------ Exercise material
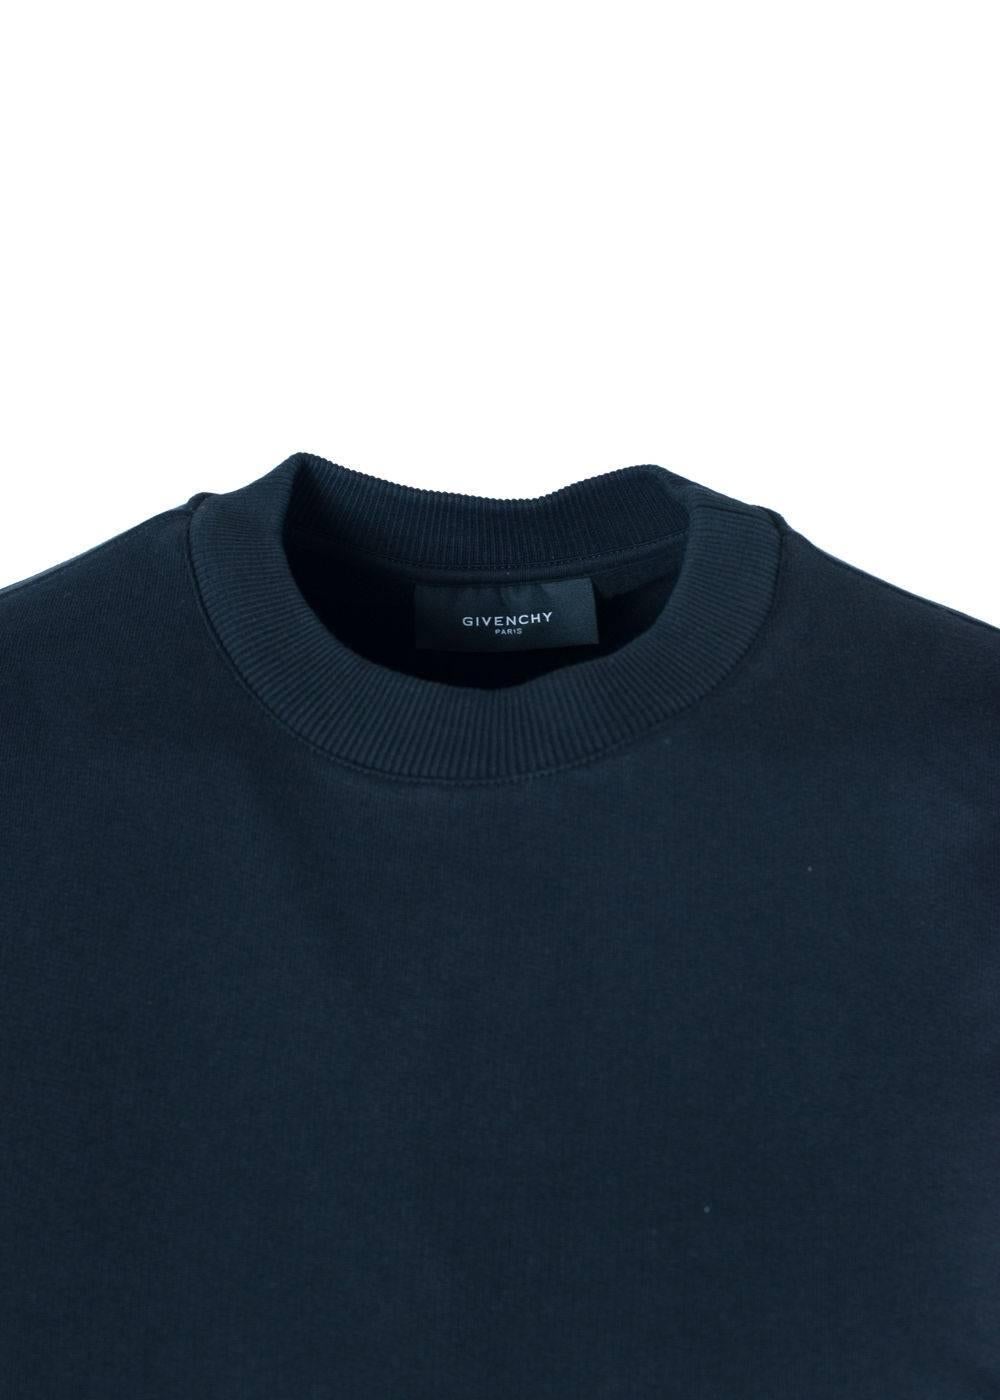 Brand New Givenchy Men's Sweatshirt
Original Tag
Retails in Stores & Online for $695
Men's Size S Fits True to Size

Givenchy's simplistic and minimalistic sweatshirt in a solid black tone with a rectangular graphic print on the back of top. Made
------------
Work required: Print exactly the stretch of lines beginning with the one that holds "Men's Size S Fits True to Size" and ending at the last line above.

Result for this task:
Men's Size S Fits True to Size

Givenchy's simplistic and minimalistic sweatshirt in a solid black tone with a rectangular graphic print on the back of top. Made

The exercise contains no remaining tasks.